Following in the footsteps of @pmfox’s Rockbridge County Virginia Address Import, I am proposing a very similar import to be done for an area adjacent to that one. This import uses the same state dataset as Peter’s, and also uses the same scripts by @tekim used to process the data (thanks Mike! they worked great!).
While the scope of this proposed import is 3 counties instead of one, it will be carried out by a team of local Lynchburg mappers (myself included) using a shared OSM account created for this task. I have also split the data using QGIS into 400 batches of roughly 2-5 square miles- the median batch size is 115 addresses though the largest batch has 1,783 due to the varying density. This size should allow for a quick processing speed per batch, especially in rural areas where density and data conflicts are at a minimum.
The processed data can be found in this Google Drive folder, including a map for the 400 batches and their approximate size.
Here is the Wiki page- let me know your feedback, and feel free to reference the previous Rockbridge import for previously discussed issues and methodology- I have heavily referenced that thread for this import.
You are very welcome! I am glad they are being used and are of value. If you need any tweaks, please let me know. Like @pmfox 's project, this seems like a worthwhile endevor.
This sounds like a good plan vs. an “all at once” approach.
Might be better if everyone had their own import account, then if there are questions later the specific mapper will be notified of any changeset comments? But I am not sure…
I’m not sure what official standards are, but at maximum it would only be three of us. The DWG representative who approved the increased rate limit appeared to be fine with it!
As it has been two weeks without disapproval, I am beginning the import. I have completed 8 batches as a test, three of them large (>600). One of the issues from the python script was when a road ends in “Extension” - “Forest St Ext” became “Forest Saint Ext” The data is already processed, and this situation is rare enough to handle manually. The workflow using ColoredStreets and MapWithAI’s validator was enough to catch it.

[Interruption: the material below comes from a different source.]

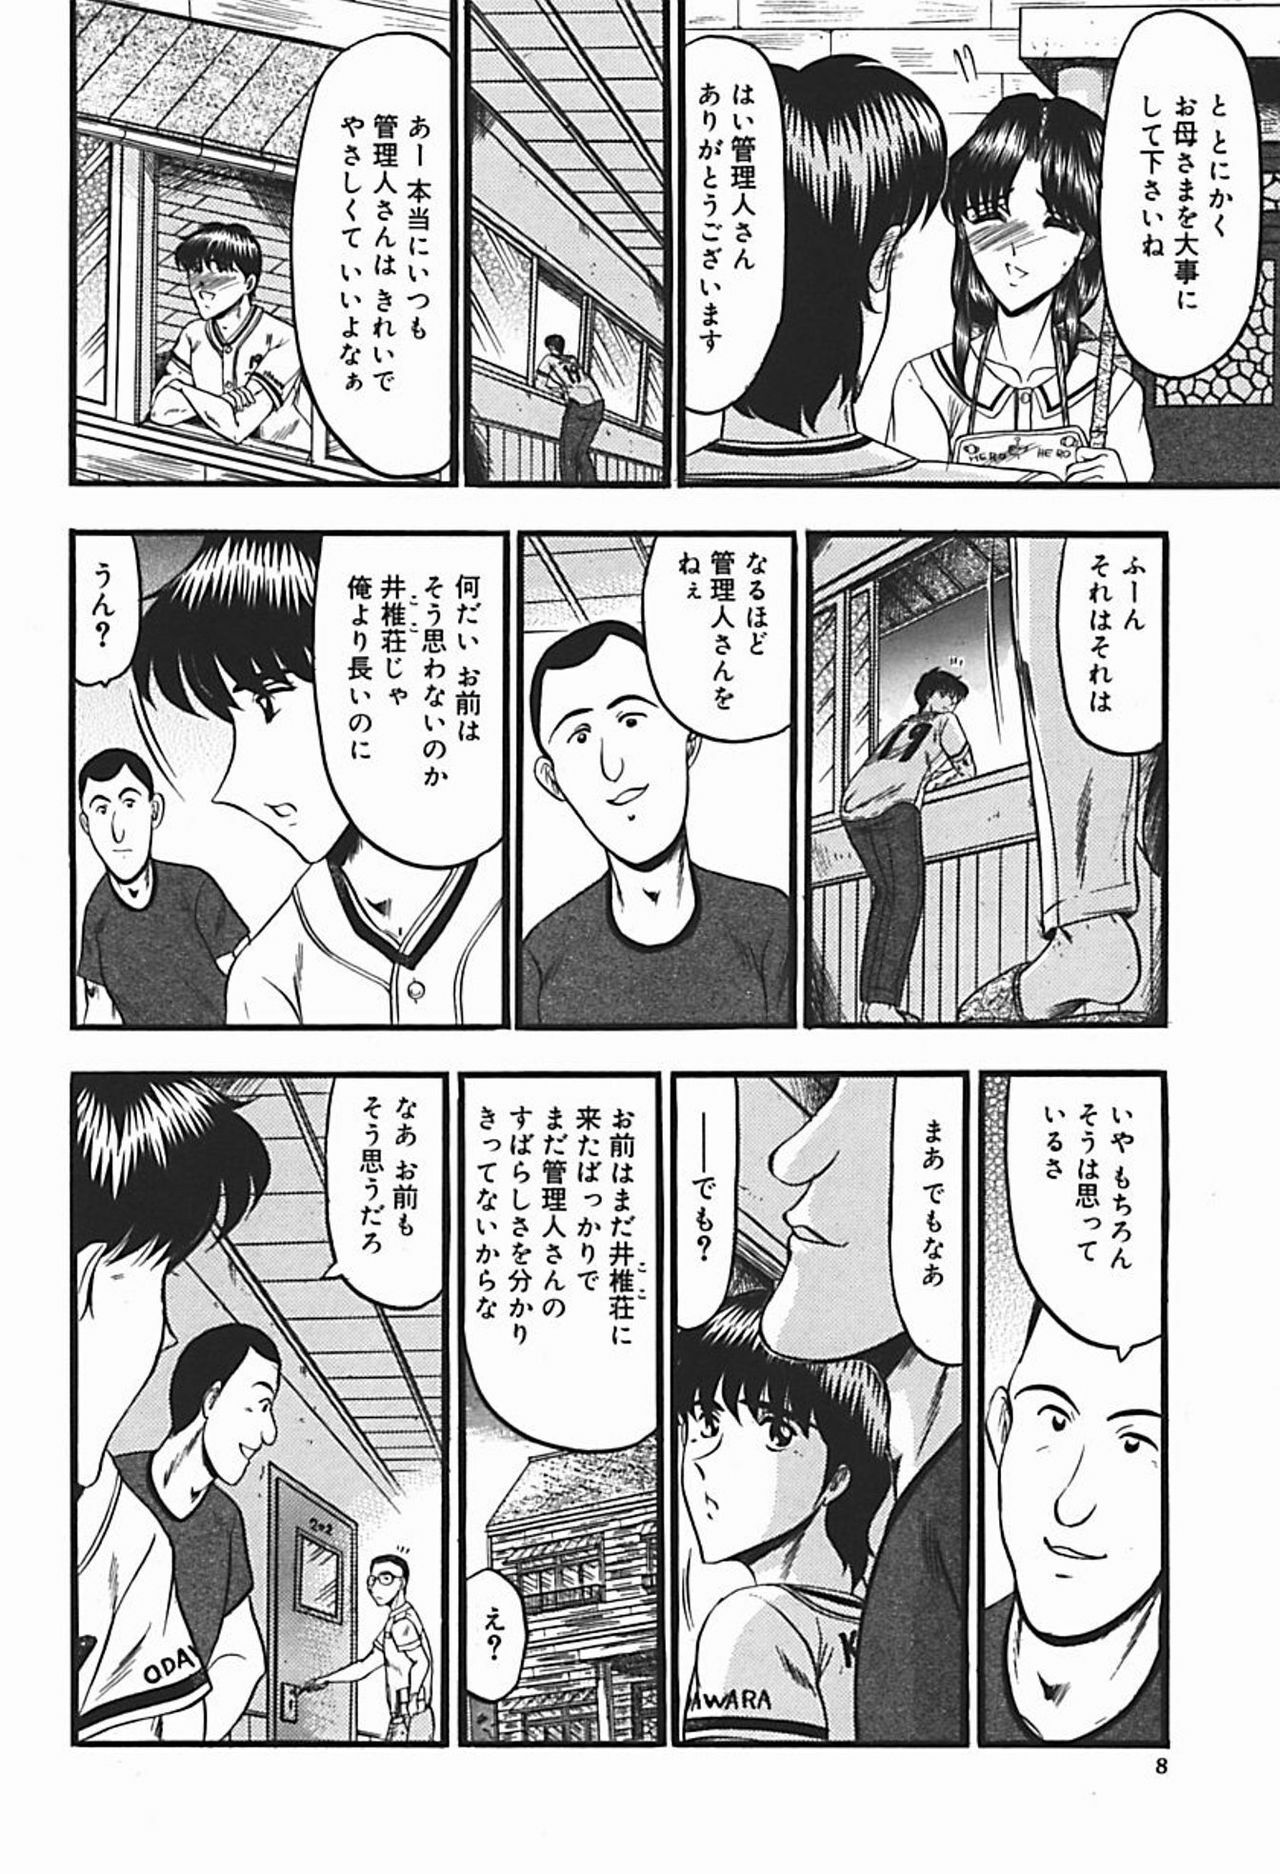 [Komura Saki] Inshuu ~Taenaru Hanabana no Shirabe~ page 13 full
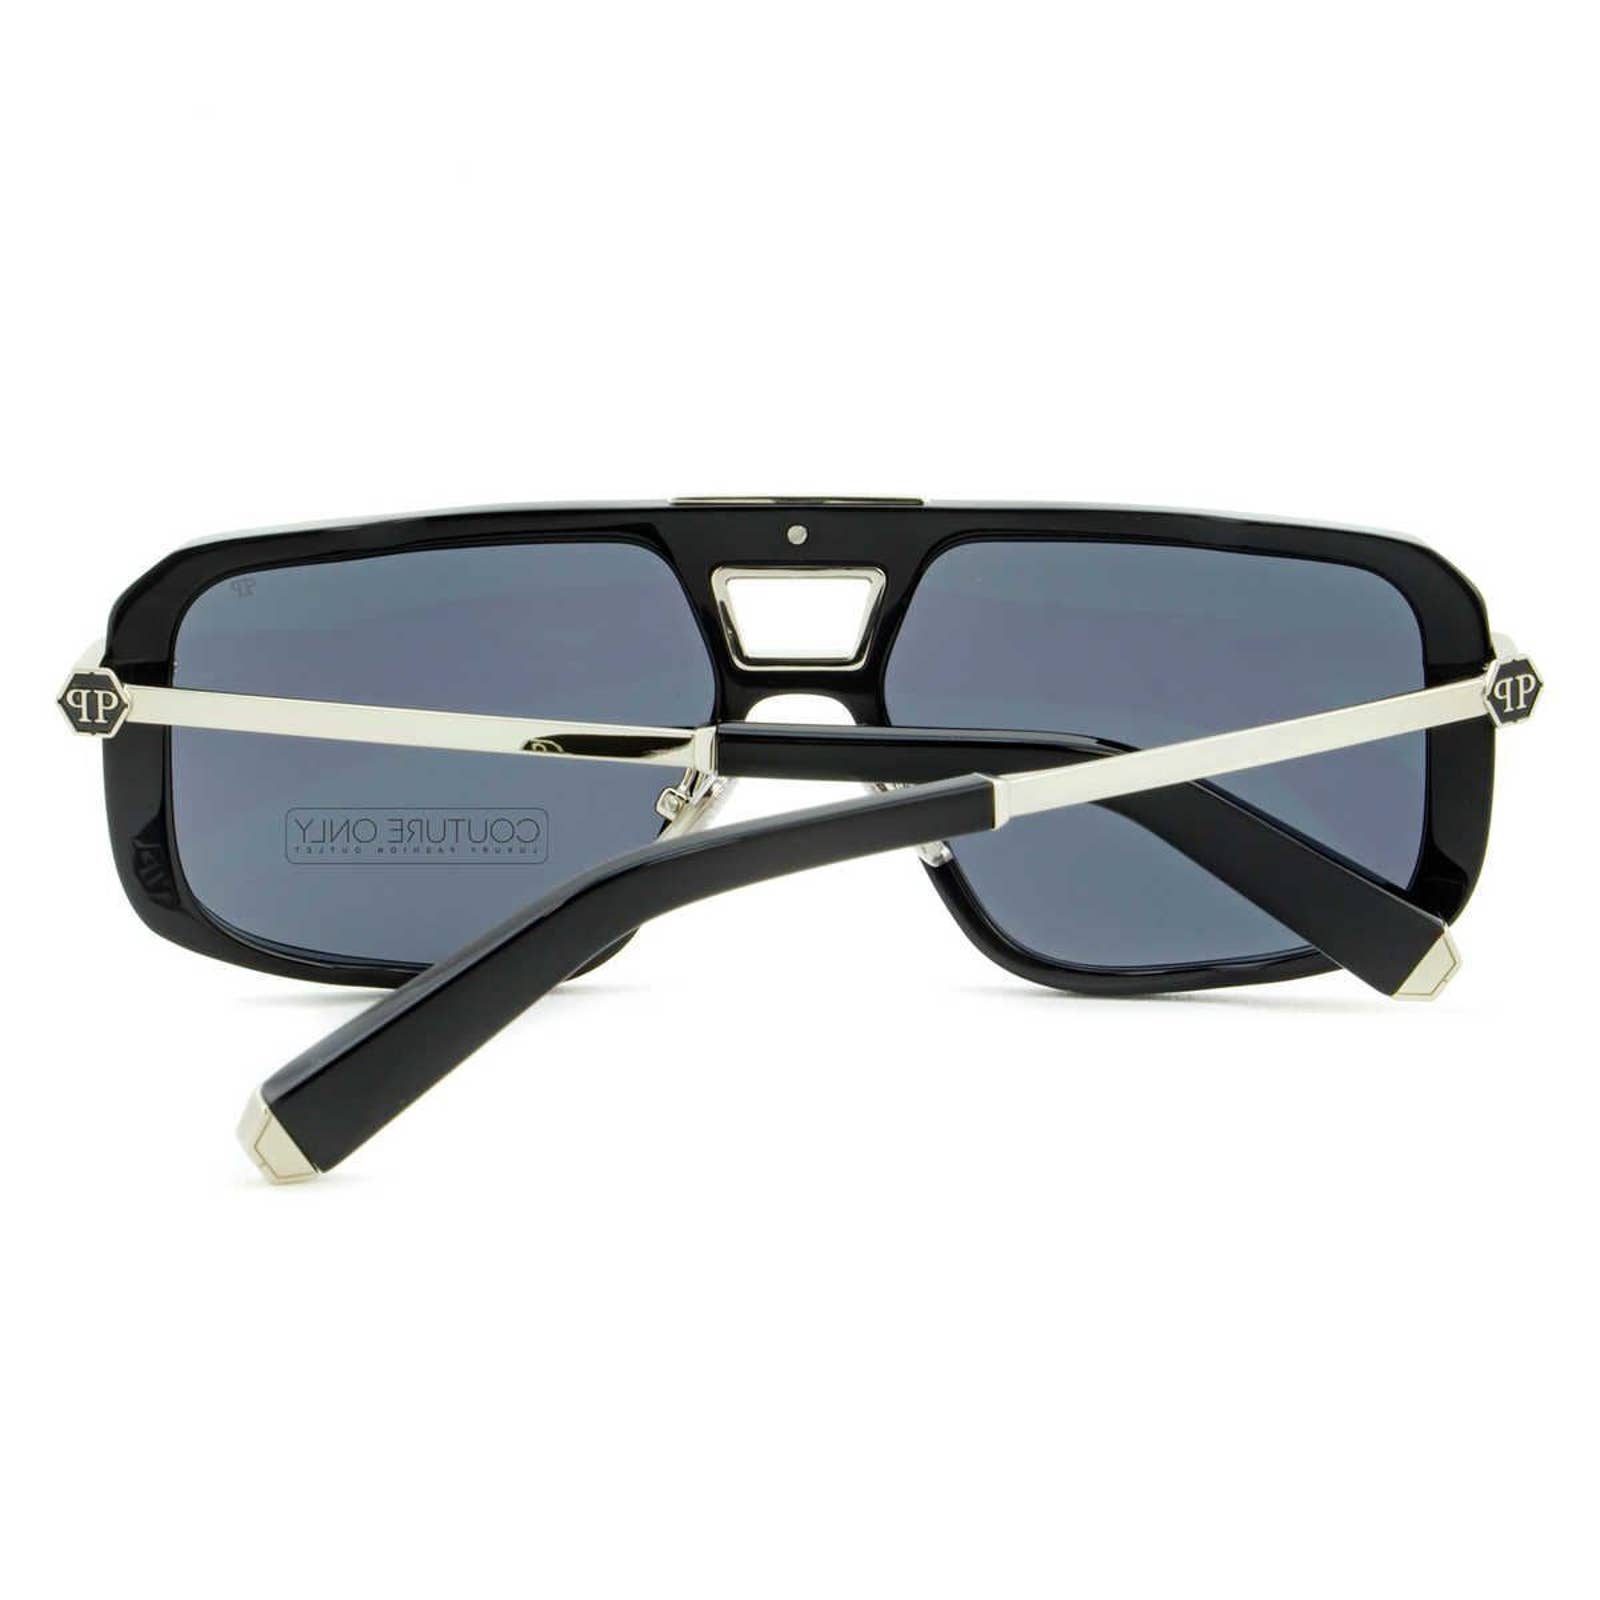 Men Square Shield Black Silver Sunglasses SPP008M-0700

The largest challenge is where addresses have already been mapped- significant progress by a local mapper in Altavista required a delicate touch, and I erred on trusting the existing data in areas where a ground survey was clearly completed. For the town of Bedford, it appears someone has added many buildings and addresses using MapWithAI, and the address data matches up 1:1 with my import. In this case, conflation returns almost no conflicts.
The majority of the working region is unmapped and most batches have not needed conflation, just QA validation on road names and spatial location.
Great to hear that you are making progress and thanks for the detailed report. Was it one of my scripts that messed up “Forest St Ext”? I can try and fix it for the next Virginia address import.
Yes, it looks like there needs to be some multiple suffix handling when it ends in EXT. It looks like the script didn’t treat “ST” as a suffix since it wasn’t at the end of the string. Should be pretty simple to implement. Thanks!
As of today, November 7th, the import is complete except for clean-up. All 400 batches have been imported into OSM.
Some conclusions based on working with the data:
Campbell and Bedford county’s data were the easiest to work with, and node location was nearly always dead-on to VGIN’s aerial imagery.
Amhest County had less care put into the data, and frequently the nodes would need to be aligned to the closest house on the parcel. I’ve done my best to catch as much as I can, but I can guarantee there are plenty of misaligned nodes still. Unfortunately I have no way to reliably find these, as the state-wide building footprint dataset for Amherst is of poor quality.
Many improvements to the road network were made- TIGER had a variety of missing, incorrectly placed, and misspelled names which were corrected using the address data as the primary source. If there was ambiguity, it was moved to alt_name. Geometry changes were kept to a minimum unless significantly misaligned.
To wrap up the import, a couple tasks for clean-up will be done:
clean up unit numbers where multiple units are listed into ranges if possible
find nodes such as churches in close proximity to address nodes and merge- in the beginning of the import, I was only conflating addresses themselves and it was only later on when I realized I could conflate to common amenities (like GNIS-added churches) and save some time not having to visually scan for them
use the Geofabrik OSM Inspector to identify and correct any other issues
Finally, I will re-use this thread and Wiki page when an address import is planned for Appomattox County, the fourth county in the Lynchburg MSA which was omitted from this first run due to its lower population and non-adjacency to Lynchburg itself. Thanks again to those who helped out.